INPUT RECORDS Start Marker
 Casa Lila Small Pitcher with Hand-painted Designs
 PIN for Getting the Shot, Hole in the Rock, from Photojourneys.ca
INPUT RECORDS End Marker
INPUT RECORDS Start Marker
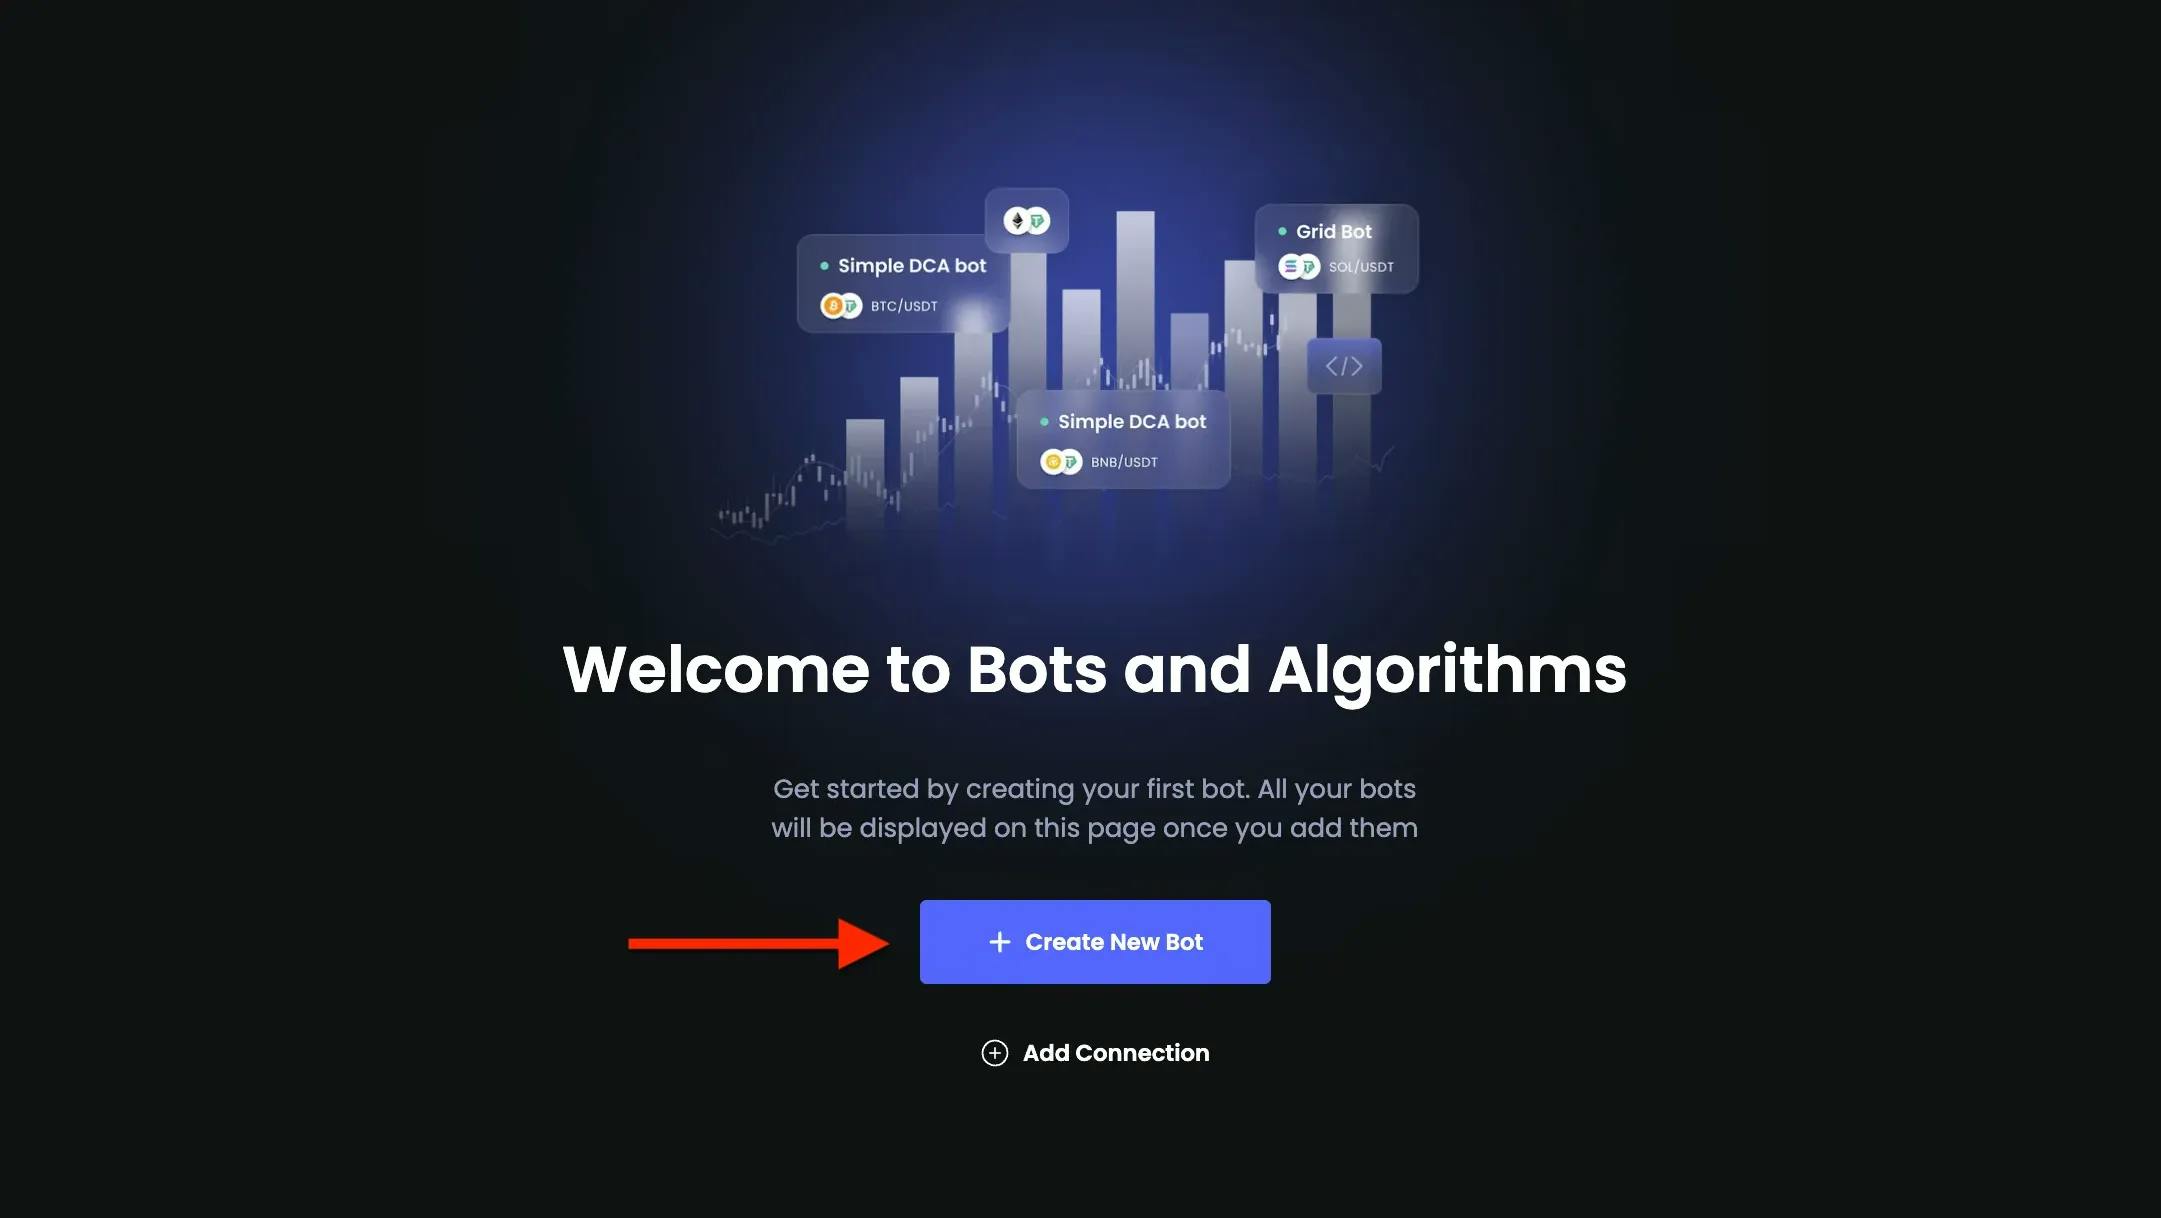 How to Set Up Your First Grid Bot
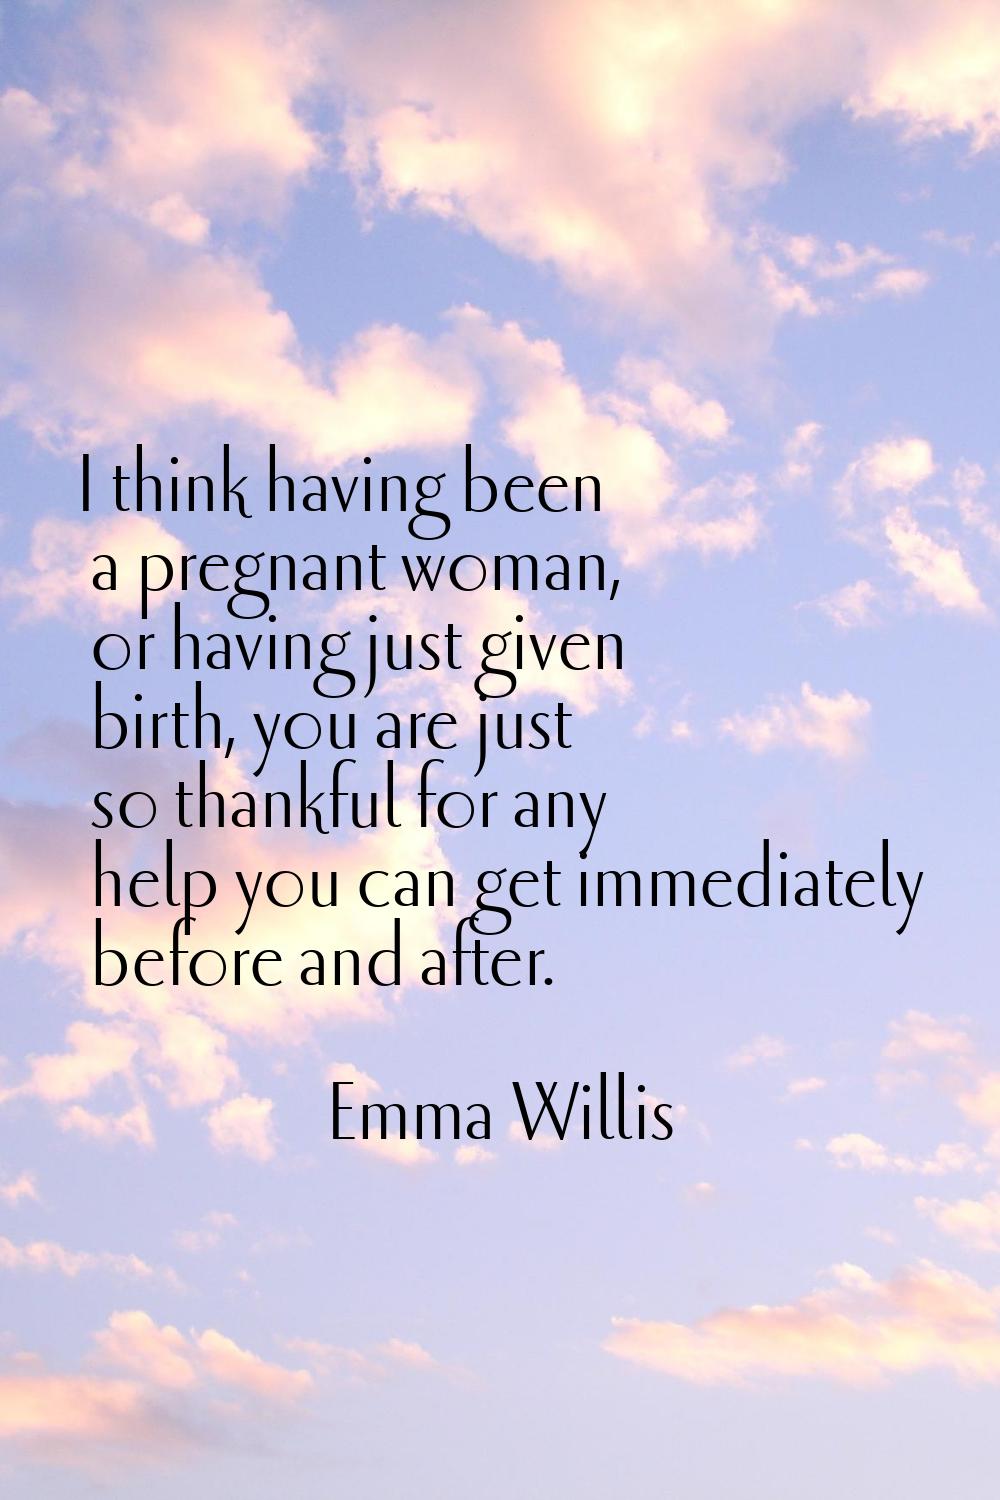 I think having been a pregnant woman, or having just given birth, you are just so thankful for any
INPUT RECORDS End Marker
#### PROBLEM TO SOLVE:
Exact copy, no pictures. Write out the lines in the entries above, starting with the line with "How to Set Up Your First Grid Bot" and going on through the line with "I think having", keeping both.

#### WRITTEN ANSWER:
 How to Set Up Your First Grid Bot
 I think having been a pregnant woman, or having just given birth, you are just so thankful for any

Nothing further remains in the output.